As I suspected, interposing a passive repeater does not somehow magically just add in a bunch of additional gain. The key reason why not stems from this error in my initial question:
Basically the path loss gets split between the two paths
My thinking being that if path loss from
A to C was e.g. 100 dB then if you put
B in between, then the path loss from
A to B would be 50 dB and the path loss from
B to C would be 50 dB and so the total would still be just 100 dB. Maybe you can already see the problem here?
Unfortunately when you halve the path length, you can't just "halve" the path loss in decibels. Well actually, it's better than that! Halving the path length quarters the path loss. But what that means is that the free space path loss (FSPL) amount goes down by 6 dB, regardless of its starting value. (Logarithm math! Halving [-3dB] the radius of a sphere quarters [-6dB] its surface area, and FSPL is all about the surface area of an isotropic sphere.)
So if you divide a free space path with loss of 100 dB into two equal paths, each half has a quarter of the original loss — but you now end up with a total path loss of 94 dB + 94 dB = 188 dB to overcome!*
(The "exactly in half" division is actually the worst case of the options that don't add any additional distance of their own. The sky — or should I say THE MOON! — is the limit for worst case when your "passive repeater" ends up significantly increasing the total distance covered.)
Back to the closer-to-direct layover options, dividing the route into one short hop and one long hop still adds a lot of FSPL, but shows where you might start seeing wins. For a concrete example, at 148.24 MHz the free space path loss over 10 miles would be 100 dB. If you move the "split" closer and closer to one end the total (combined) path loss does go down. With a 9.95 mile path (99.957 dB) plus a 0.05 mile path (53.979 dB loss) you've only got to offset around 54 dB of additional loss instead of the 88 dB of the halfway-between placement.
That's example still leaves a lot of loss to try make up with antenna gain alone, but consider that in the real world where the direct path is far worse than a "free space" path of the same distance. In a canyon or a tunnel where the direct line of sight is essentially totally blocked, you might do well using 10–20 dB of antenna gain to offset a 99.957 dB + 53.979 dB loss, compared to the loss of a "direct" path through bedrock!
How much gain could I expect from a Passive repeater formed by simply connecting a receive antenna pointing in one direction to a nearby transmit antenna pointing in another?

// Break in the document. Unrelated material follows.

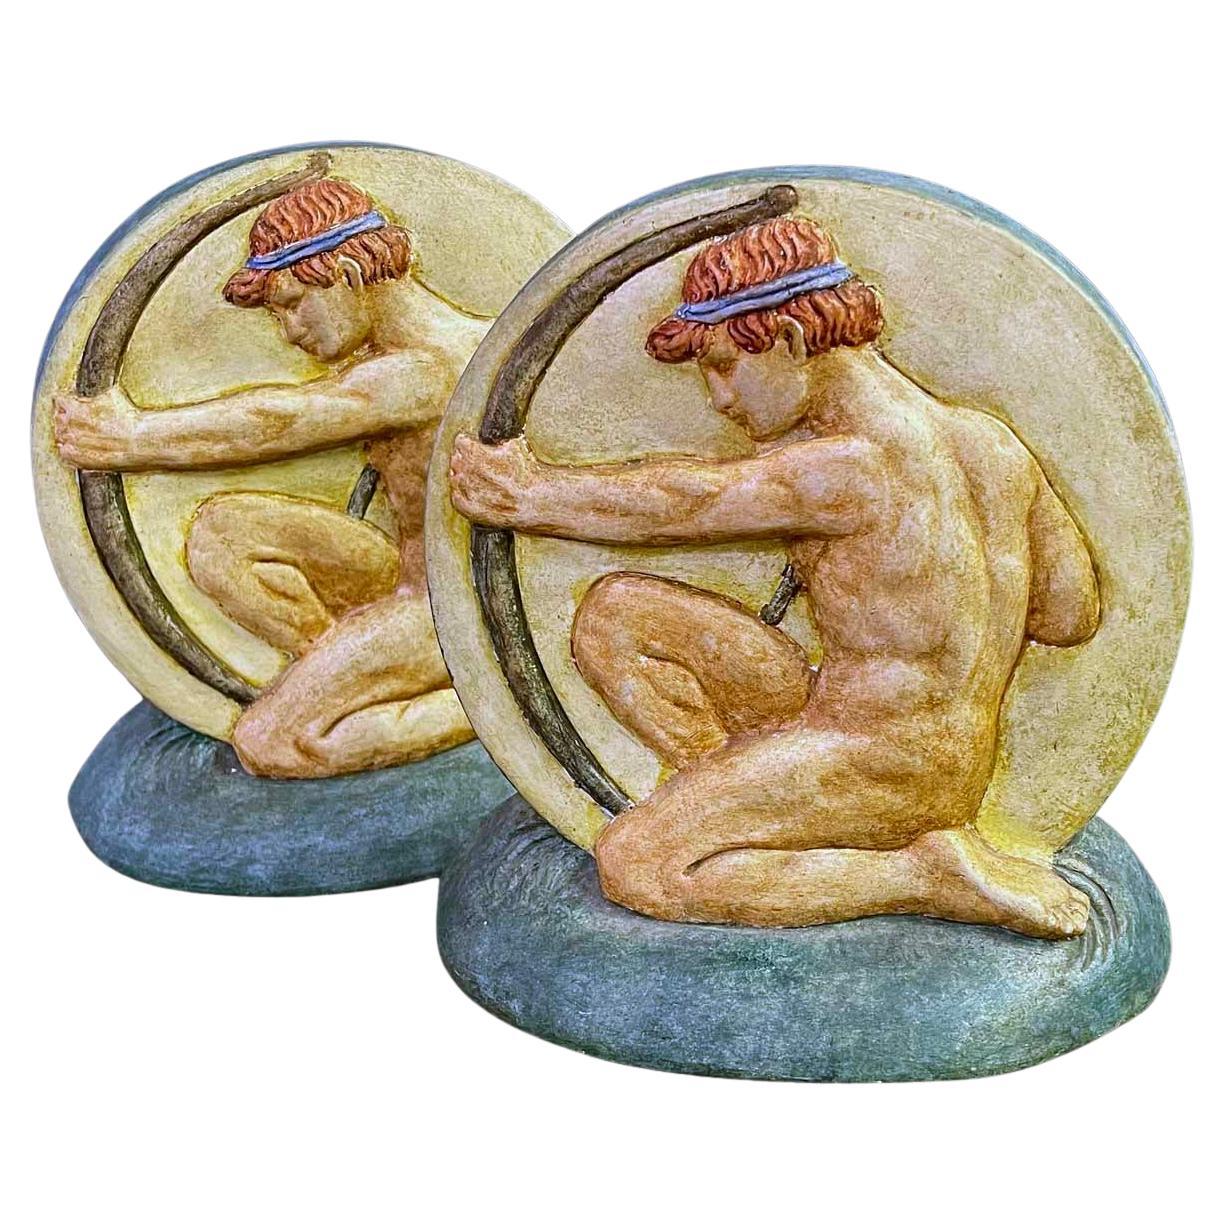 "Nude Male Archer Bookends", Rare Pair of Ceramic, Arts and Crafts Sculptures For Sale

I don't think there's much of a shortcut to calculating "passive repeater gain" than by:
- Determining the baseline actual [not "free space"] loss of the direct
A to C path
- Proposing a specific location
B for the passive repeater, and determining what the actual path losses of both
A to B and
B to C would be. Add those losses together.
- The "passive repeater gain" is then the difference between the baseline and via-repeater path losses, plus the antenna gain that could be provided at
- […plus or minus any multipath effects that would also be introduced…?!]
Overall it's a lot more like the dealing with the radar equation than like calculating coax loss per foot!
* Thinking in terms of "one big sphere" vs. "two small spheres" and their relative surface area threw me off a bit at first. In the "big sphere" case the antenna captures a tiny fraction of the signal. In the "two small spheres" case you get a 4x bigger fraction of the signal… but then that fraction becomes the signal you have to capture next. Compare a 1% chance of winning the lottery yourself, to a 5% chance of your friend giving you the winnings of a lottery they have a 5% chance of winning!